Recently, mainstream abortion rights groups have publicly come forward to talk about the ways in which the fight to secure voting rights has to be part of the fight to secure abortion rights and access. What are your thoughts on this?

KC: Sixty percent of voters support Roe v. Wade. That’s an overwhelming majority. Without a fair vote, our laws can’t reflect that reality. If gerrymandering, dark money, and voting restrictions continue, the voice of the people will be overcome by the will of the powerful. That is not democracy.

What would you say to folks who ask how to best get involved in the fight to protect reproductive health care in their own states?
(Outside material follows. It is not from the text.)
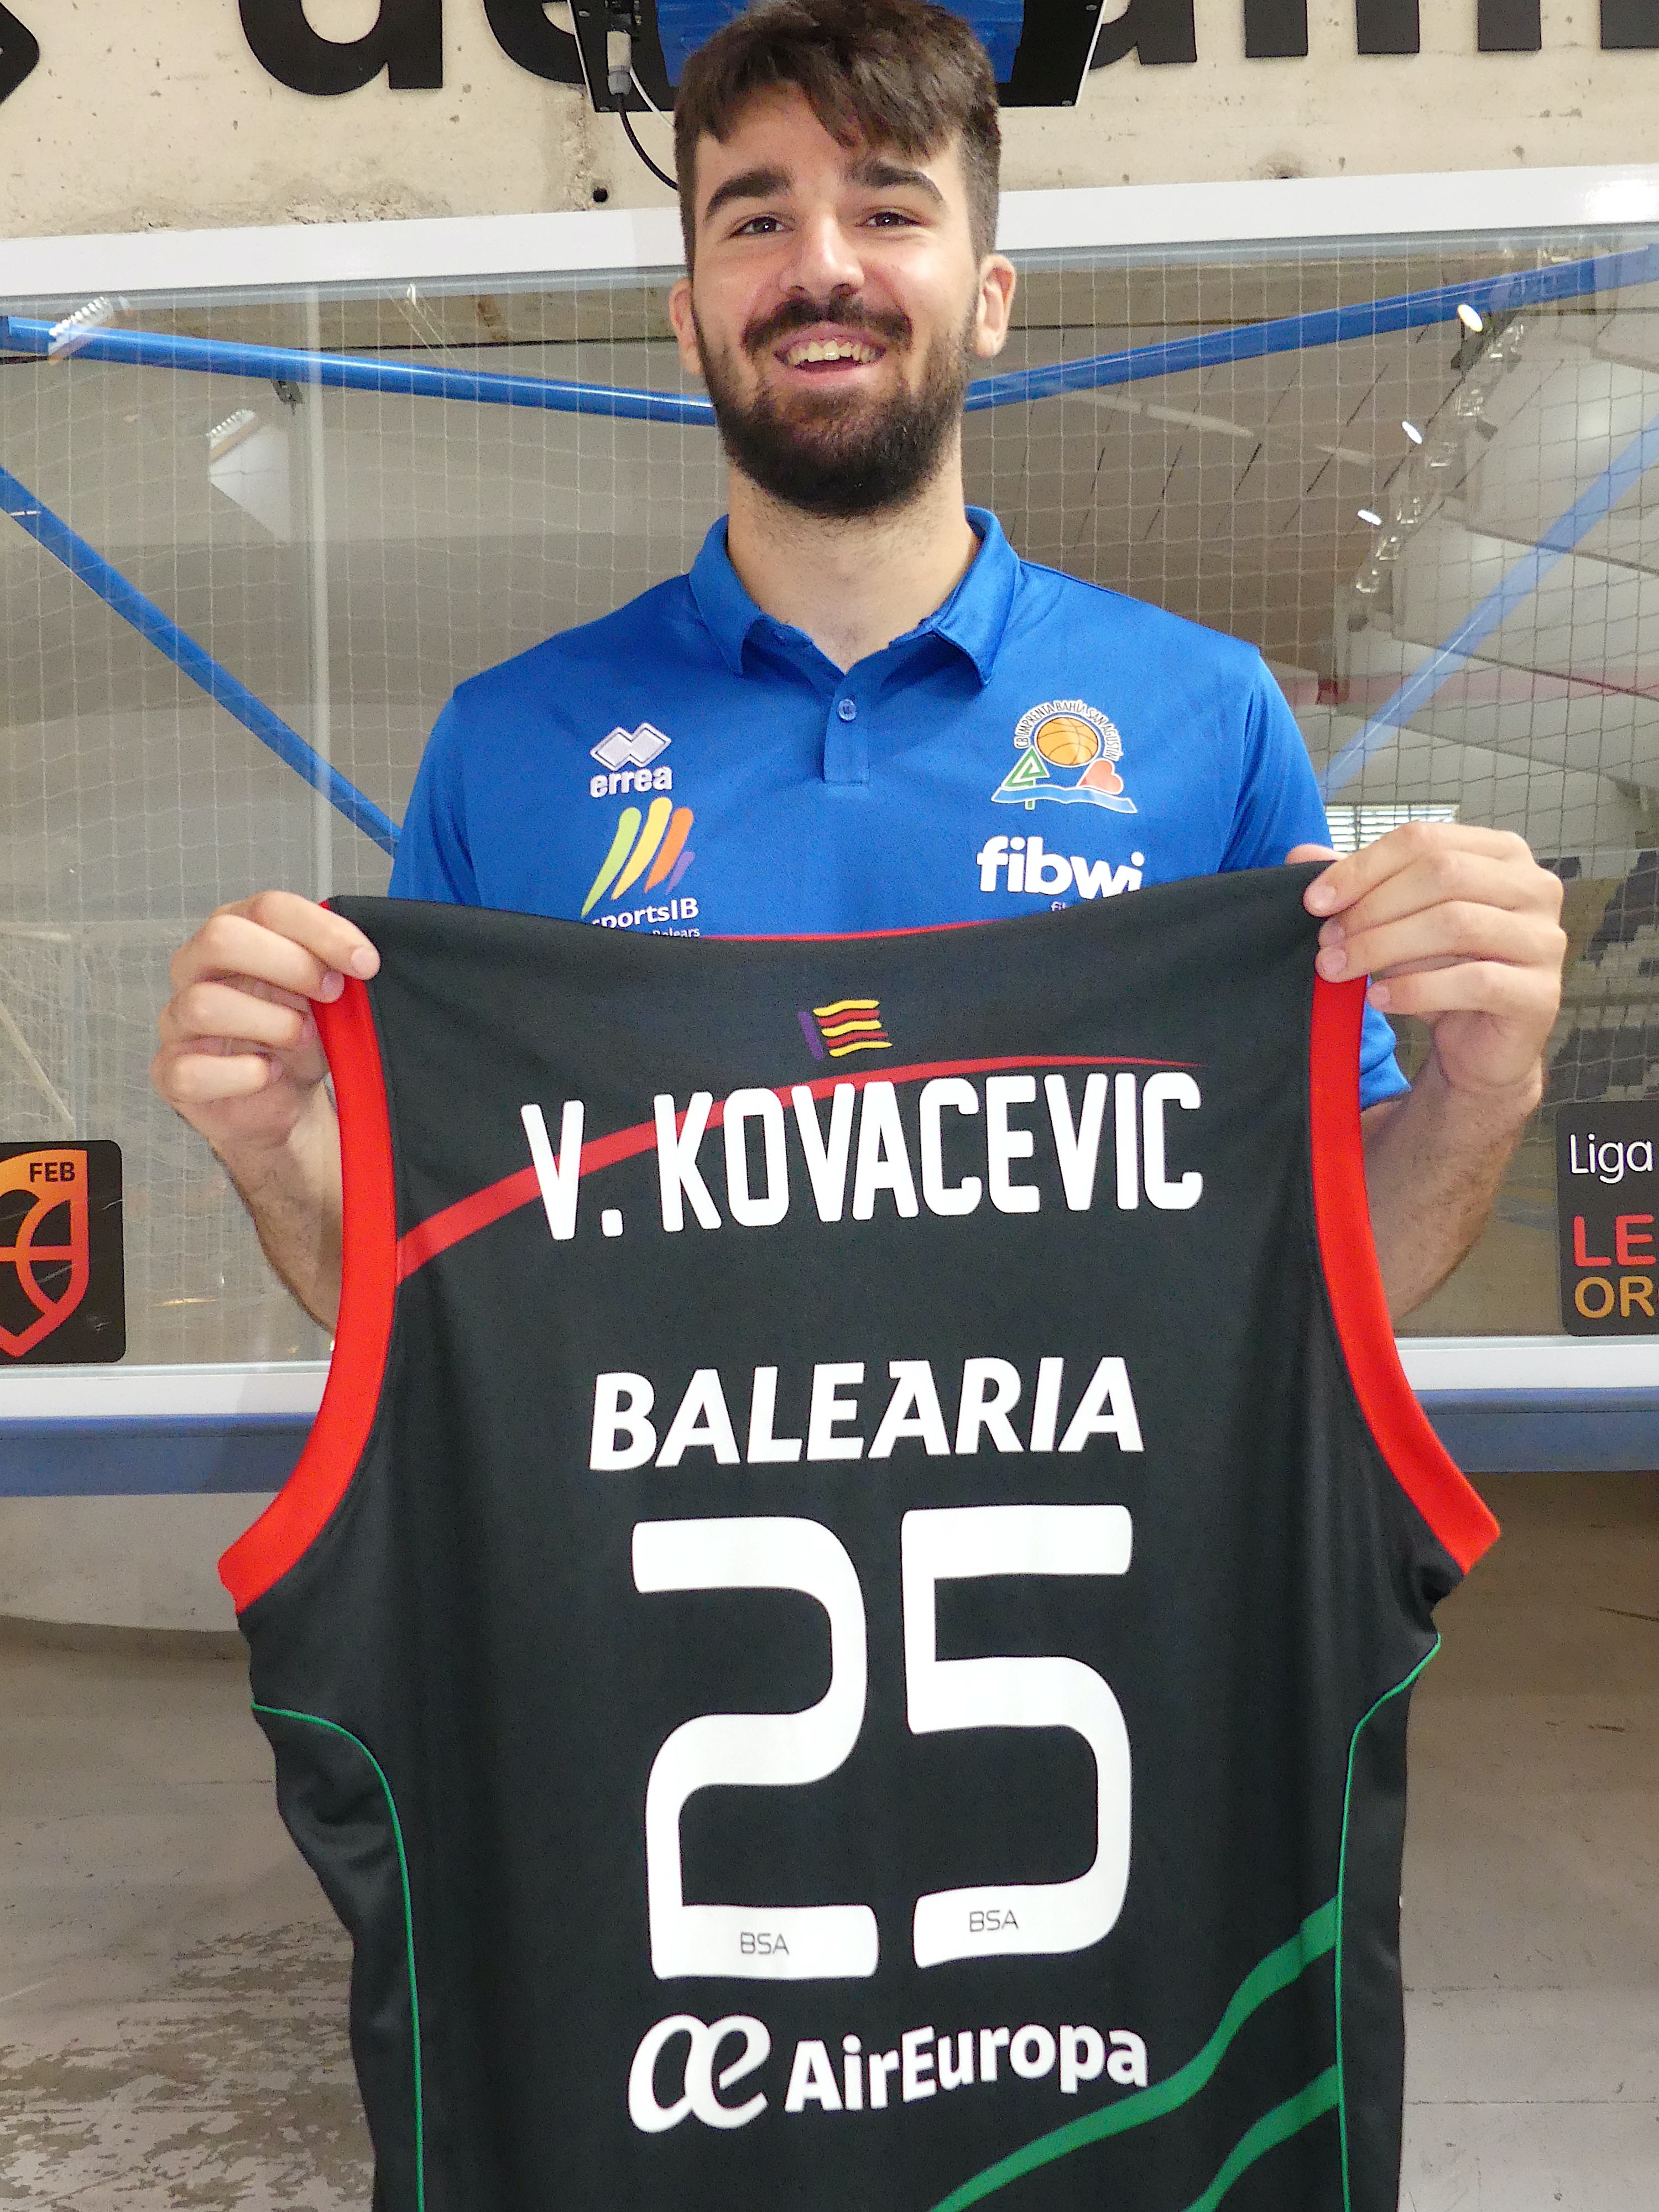 Viktor Kovacevic

KC: The campaign against abortion access in Washington is led by the same politicians who are voting down policies that combat racial, economic, and gender injustice. Why else would politicians who preach “family values” vote against supporting child care that allows parents to get to work? Why else would they vote against paid family leave, inhibiting families from caring for their loved ones while also enabling them to keep a roof over their heads? Why would Republicans refuse to come to terms with our gross history of forced sterilizations and its recent usage by the previous administration? Or the largest tax cut for families in our history, which has dramatically reduced child poverty and hunger?

Protecting the right to abortion and the ability to access care will take all of us acknowledging this coordinated campaign to hold on to a hierarchy. Untangling this wicked web of systemic racism and misogyny requires us all to recognize that the fight for reproductive freedom is the same fight to bring to life the values of equality and justice set forth in our Constitution.